- Provided data -
################

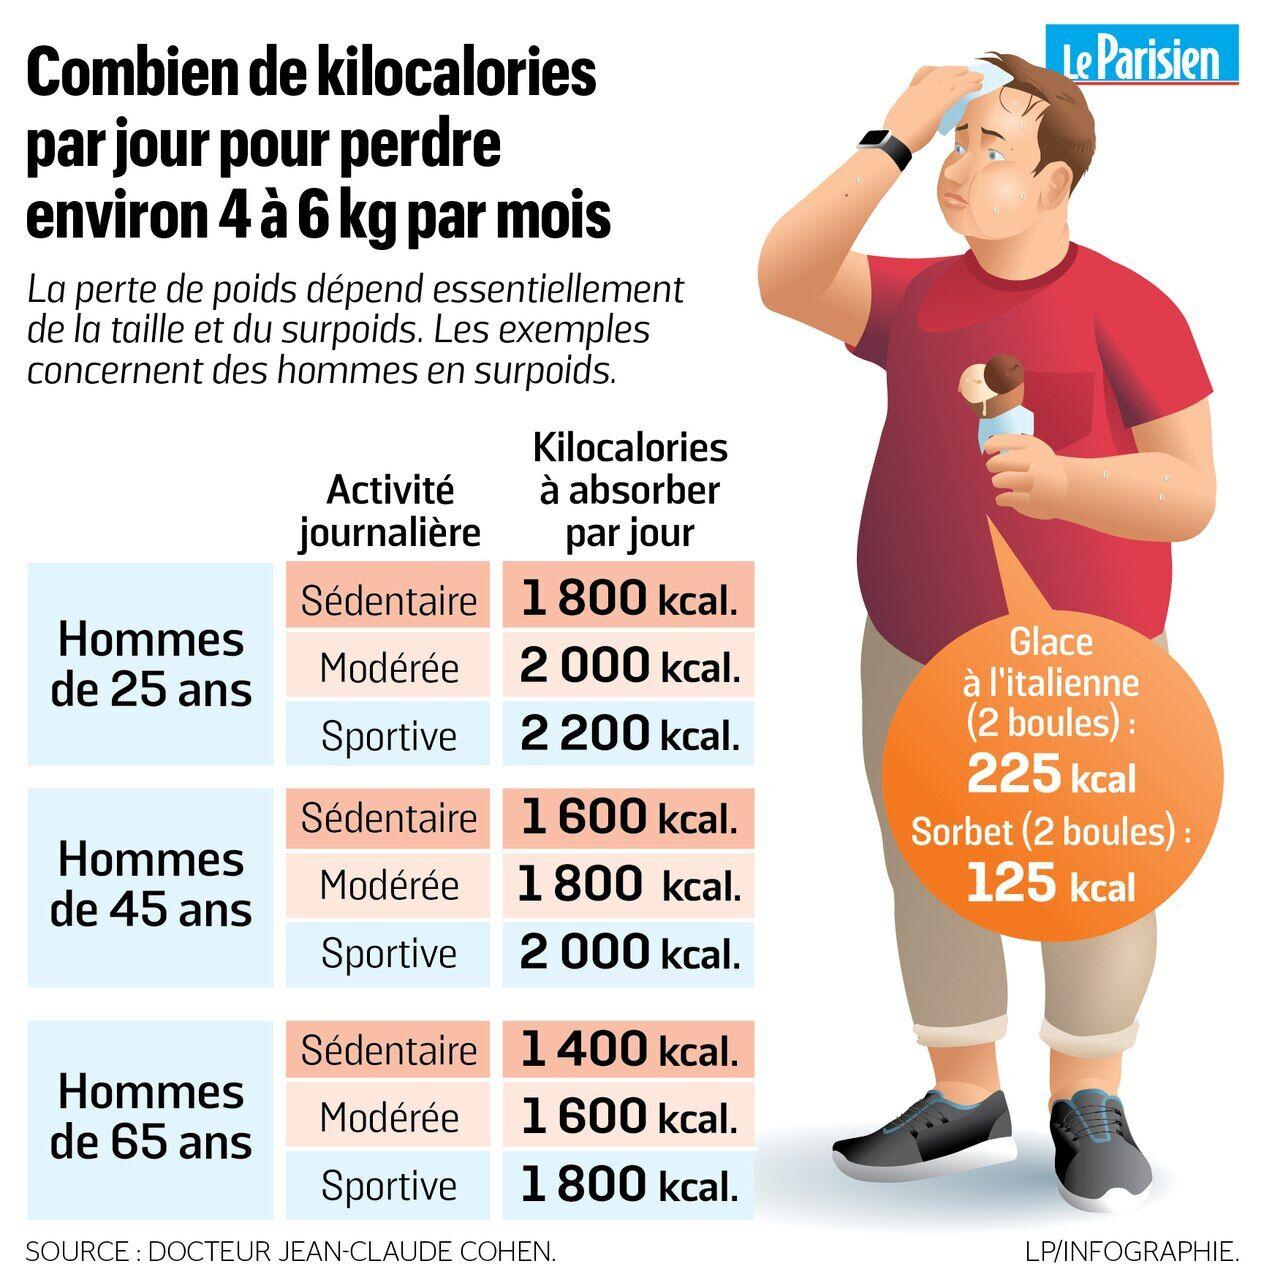 Un homme de 45 ans ne peut pas perdre de poids xénadrine puissante perte de poids
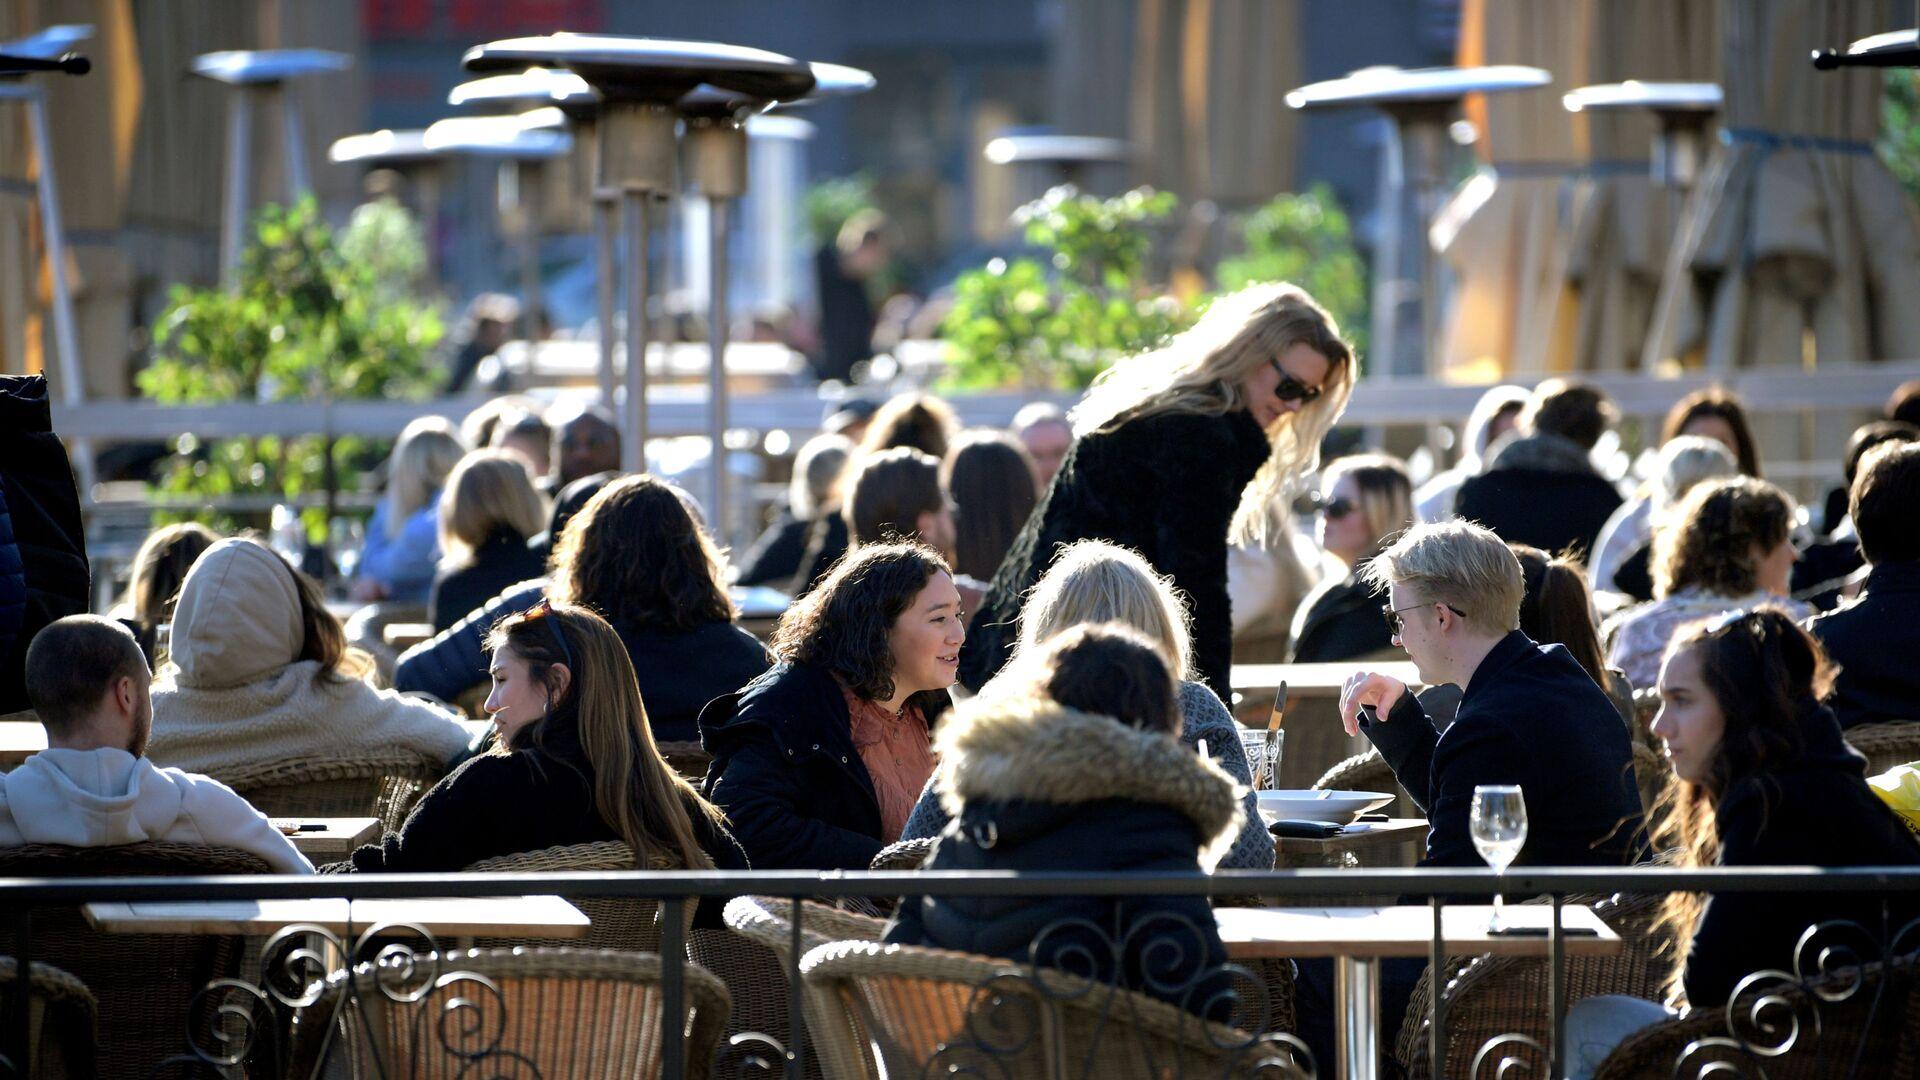 Sunčan dan u Stokholmu u toku pandemije, 24. mart 2021. - Sputnik Srbija, 1920, 15.09.2021
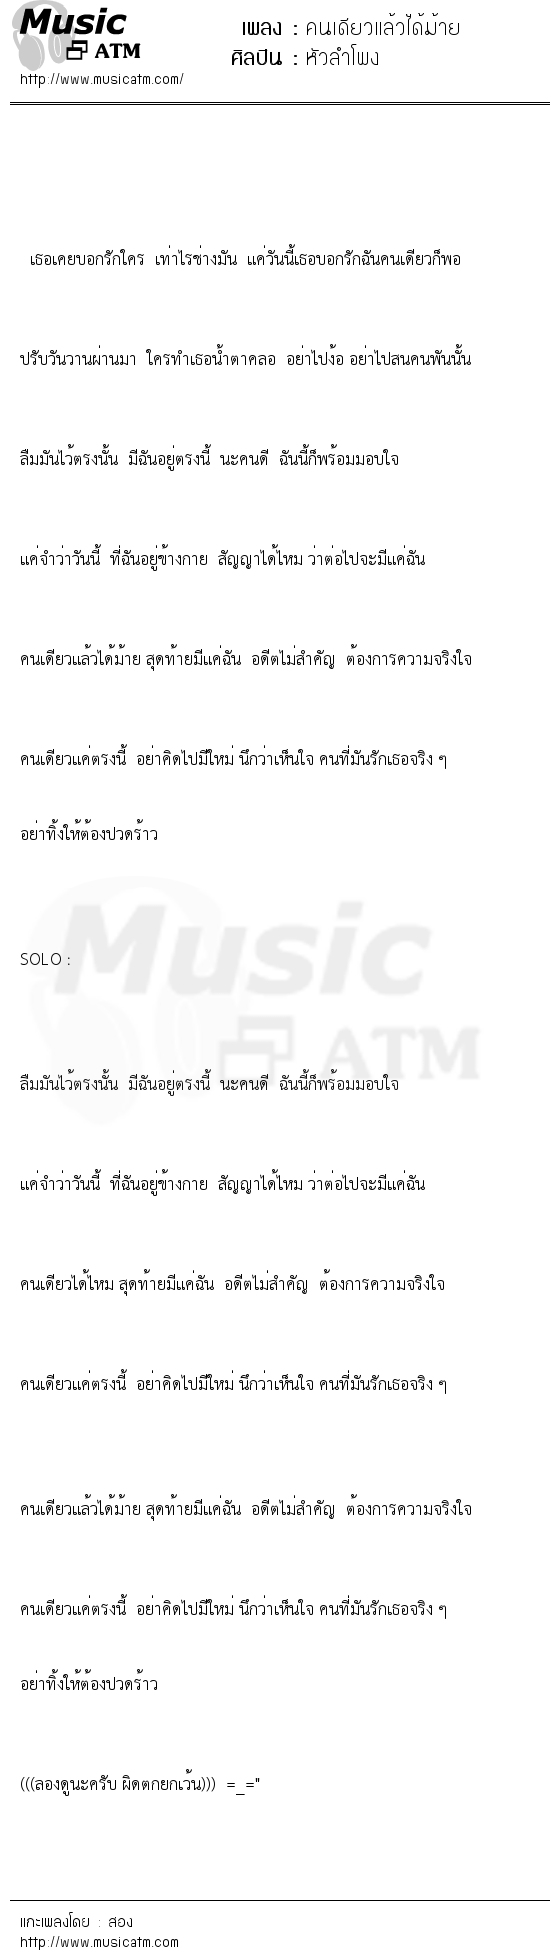 เนื้อเพลง คนเดียวแล้วได้ม้าย - หัวลำโพง   Popasia.net   เพลงไทย

################

- What you need to do -
Print out the material word for word, omitting the pictures.

- Written answer -
 Un homme de 45 ans ne peut pas perdre de poids xénadrine puissante perte de poids
 Sunčan dan u Stokholmu u toku pandemije, 24. mart 2021. - Sputnik Srbija, 1920, 15.09.2021
 เนื้อเพลง คนเดียวแล้วได้ม้าย - หัวลำโพง   Popasia.net   เพลงไทย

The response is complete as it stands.